The early and most primitive connected traffic systems are widely expected to use freeway lanes more than twice as efficiently as freeway lanes used by human drivers. With a prioritization algorithm, traffic can be re-directed so that the only traffic allowed on a typical central city freeway is traffic which is either arriving or departing in the central business district. A 2016 GDOT traffic study showed nearly a third of Atlanta's downtown connector freeway was thru-traffic, which passes through the central business district rather than arriving or departing in it. By redirecting this traffic and changing the underlying system, connected traffic systems built around a prioritization algorithm could allow most central city freeways, like Atlanta's downtown connector, to carry three times as much traffic into their downtowns as what they currently carry.
Prioritization algorithms could also be able to prioritize specific vehicles, like emergency vehicles, but also mini-buses and other possibilities for freeway-based autonomous mass transit. Cities without detailed plans for unique prioritization algorithms long in advance could find themselves racing to catch up under increasing pressure to quickly draw plans which could increase the number of workers who can arrive in their central business districts without more time to focus on the other needs and creative visions which can create a meaningful city.

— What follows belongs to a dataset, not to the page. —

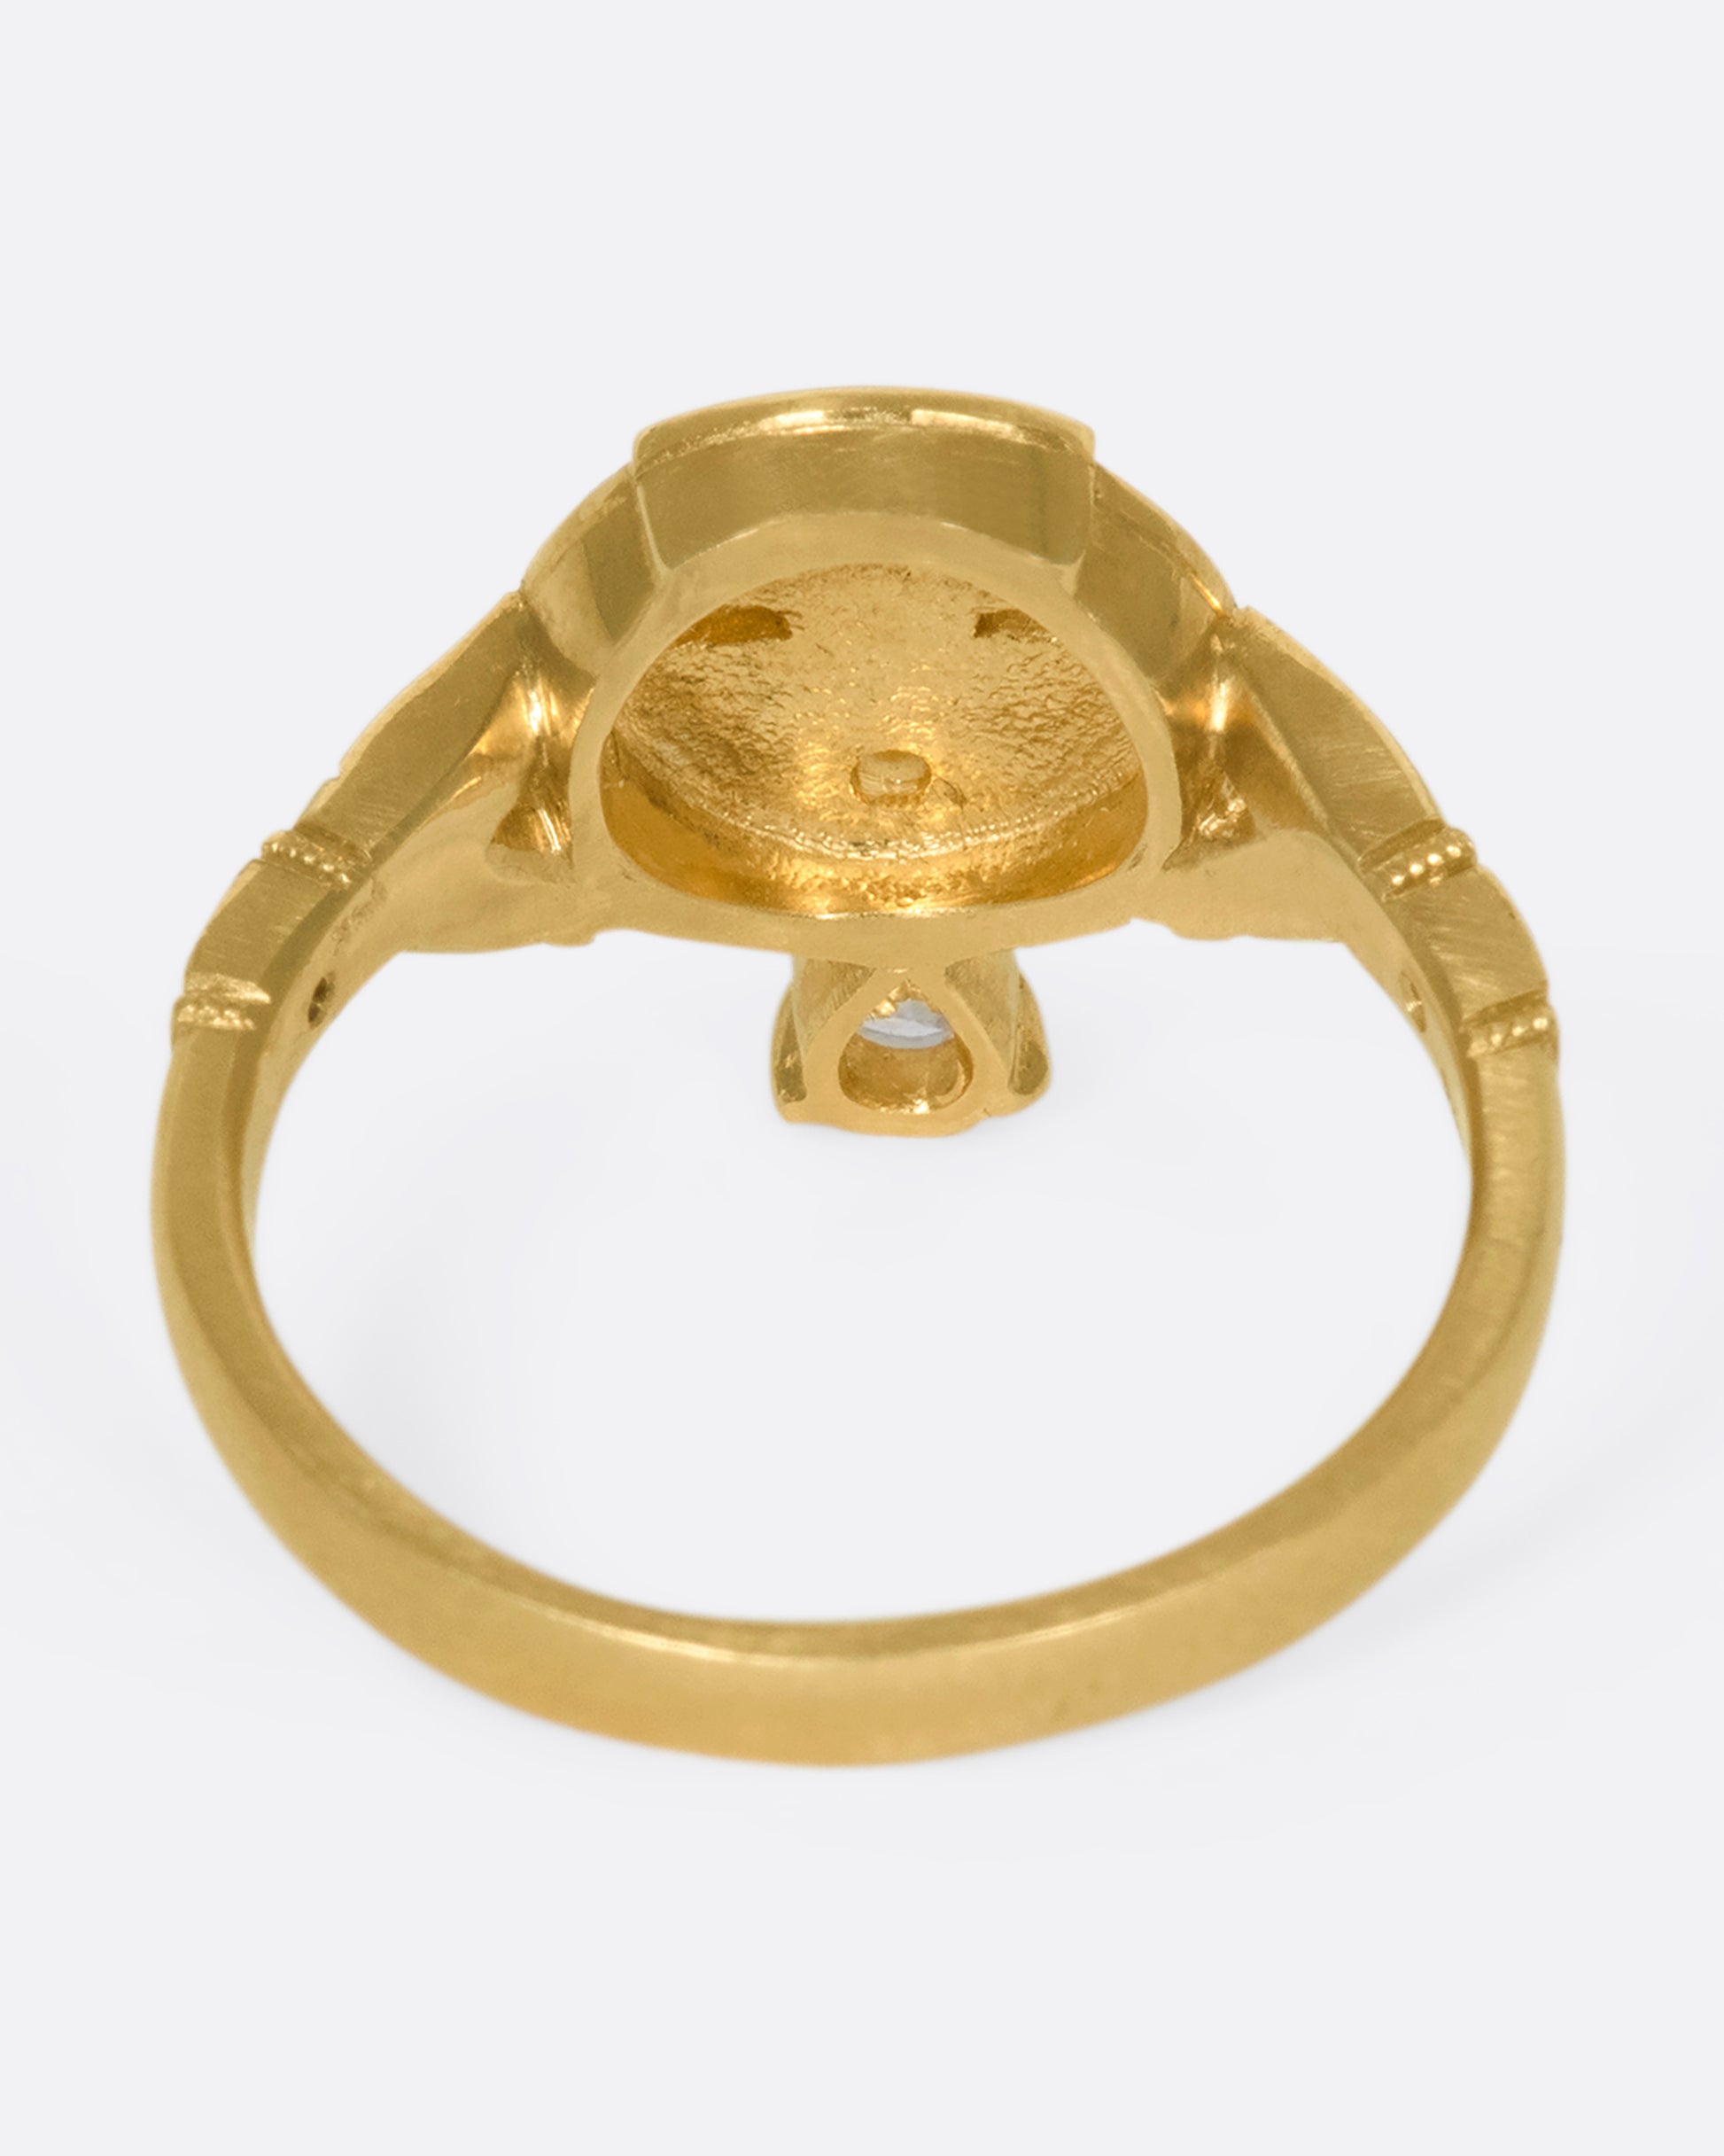 An underside view of a gold ring with a face and a pear shaped diamond tongue.

Stage 5: Reaction Time for Connected Vehicles Pushed Below Whole Second
One of the greatest changes connected vehicles could bring to traffic flows is their reduction to reaction time. While humans generally rely on two seconds of reaction time, connected-only traffic could require just one second. But what happens if technology improves and, over time, the standard reaction time drops?
Achieving just a nine-tenths of a second reaction time could drastically increase traffic flow. Freeways could benefit more than other vehicle routes. Cities without long-ranging plans may not have designed flexible systems capable of handling these changes. This is why Autonomous Symmetry has designed Atlanta’s infrastructure for autonomous car reaction times all the way down to below half-a-second.
Based on history, I do not expect most cities to adequately plan for connected traffic. Most cities are likely to be caught off-guard every step of the way. For the cities which do not prepare, their central business districts could grow more painfully, their physical forms less desirably, and their talent pools less reliably.
It can be tempting to assume new technology will make everything better for cities, so I did the math. A lot of math. I built my first simulations for Atlanta, a highly auto-centric city with a spacious downtown, tall skyscrapers, and wide streets. Autonomated traffic can produce beautiful change, but only if it is shaped, planned, and earned in advance.